Out-of-distribution (OOD) detection is a critical requirement for the deployment of deep neural networks. This paper introduces the HEAT model, a new post-hoc OOD detection method estimating the density of in-distribution (ID) samples using hybrid energy-based models (EBM) in the feature space of a pre-trained backbone. HEAT complements prior density estimators of the ID density, e.g. parametric models like the Gaussian Mixture Model (GMM), to provide an accurate yet robust density estimation. A second contribution is to leverage the EBM framework to provide a unified density estimation and to compose several energy terms. Extensive experiments demonstrate the significance of the two contributions. HEAT sets new state-of-the-art OOD detection results on the CIFAR-10 / CIFAR-100 benchmark as well as on the large-scale Imagenet benchmark. The code is available at: github.com/MarcLafon/heatood.

Recommended citation: Marc Lafon, Elias Ramzi, Clément Rambour, Nicolas Thome: Hybrid Energy Based Model in the Feature Space for Out-of-Distribution Detection. International Conference on Machine Learning (ICML 2023). https://arxiv.org/abs/2305.16966

Hierarchical Average Precision Training for Pertinent Image Retrieval

Published in European Conference on Computer Vision (ECCV 2022), 2022

Image Retrieval is commonly evaluated with Average Precision (AP) or Recall@k. Yet, those metrics, are limited to binary labels and do not take into account errors’ severity. This paper introduces a new hierarchical AP training method for pertinent image retrieval (HAPPIER). HAPPIER is based on a new H-AP metric, which leverages a concept hierarchy to refine AP by integrating errors’ importance and better evaluate rankings. To train deep models with H-AP, we carefully study the problem’s structure and design a smooth lower bound surrogate combined with a clustering loss that ensures consistent ordering. Extensive experiments on 6 datasets show that HAPPIER significantly outperforms state-of-the-art methods for hierarchical retrieval, while being on par with the latest approaches when evaluating fine-grained ranking performances. Finally, we show that HAPPIER leads to better organization of the embedding space, and prevents most severe failure cases of non-hierarchical methods. Our code is publicly available at github.com/elias-ramzi/HAPPIER.

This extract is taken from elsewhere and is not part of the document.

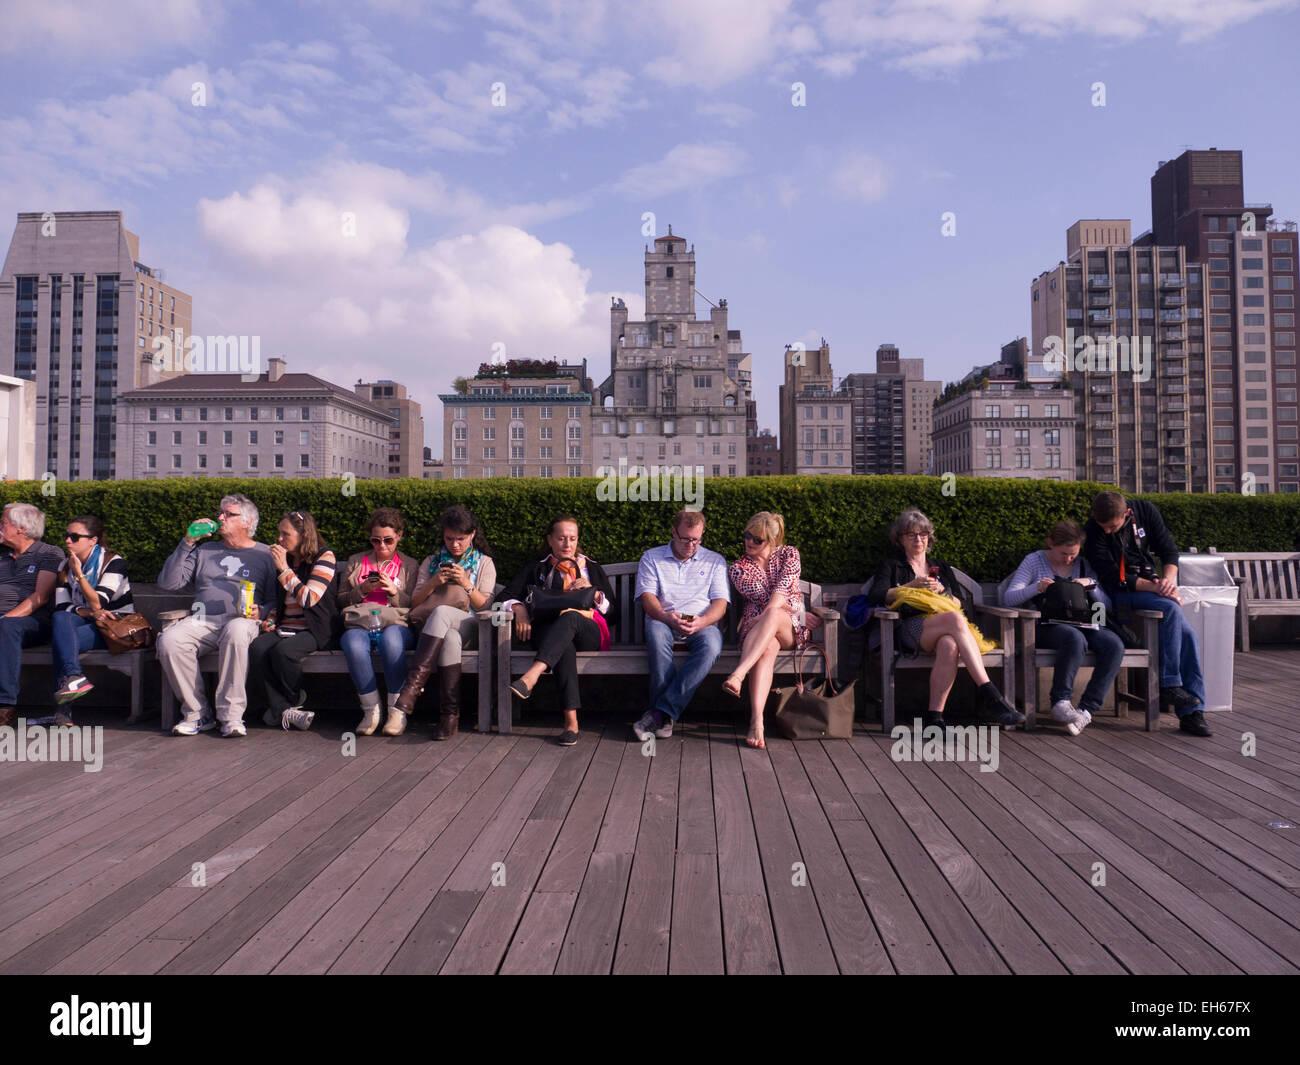 Roof Garden Café And Martini Bar, The Metropolitan Museum Of Art, New Stock Photo - Alamy

Recommended citation: Elias Ramzi, Nicolas Audebert, Nicolas Thome, Clément Rambour, Xavier Bitot: RHierarchical Average Precision Training for Pertinent Image Retrieval. In: European Conference on Computer Vision. Springer (ECCV, 2022). https://arxiv.org/abs/2207.04873

Robust and Decomposable Average Precision for Image Retrieval

Published in Advances in Neural Information Processing Systems 34 (NeurIPS 2021), 2021

In image retrieval, standard evaluation metrics rely on score ranking, e.g. average precision (AP). In this paper, we introduce a method for robust and decomposable average precision (ROADMAP) addressing two major challenges for end-to-end training of deep neural networks with AP: non-differentiability and non-decomposability. Firstly, we propose a new differentiable approximation of the rank function, which provides an upper bound of the AP loss and ensures robust training. Secondly, we design a simple yet effective loss function to reduce the decomposability gap between the AP in the whole training set and its averaged batch approximation, for which we provide theoretical guarantees. Extensive experiments conducted on three image retrieval datasets show that ROADMAP outperforms several recent AP approximation methods and highlight the importance of our two contributions. Finally, using ROADMAP for training deep models yields very good performances, outperforming state-of-the-art results on the three datasets. Code and instructions to reproduce our results will be made publicly available at github.com/elias-ramzi/ROADMAP.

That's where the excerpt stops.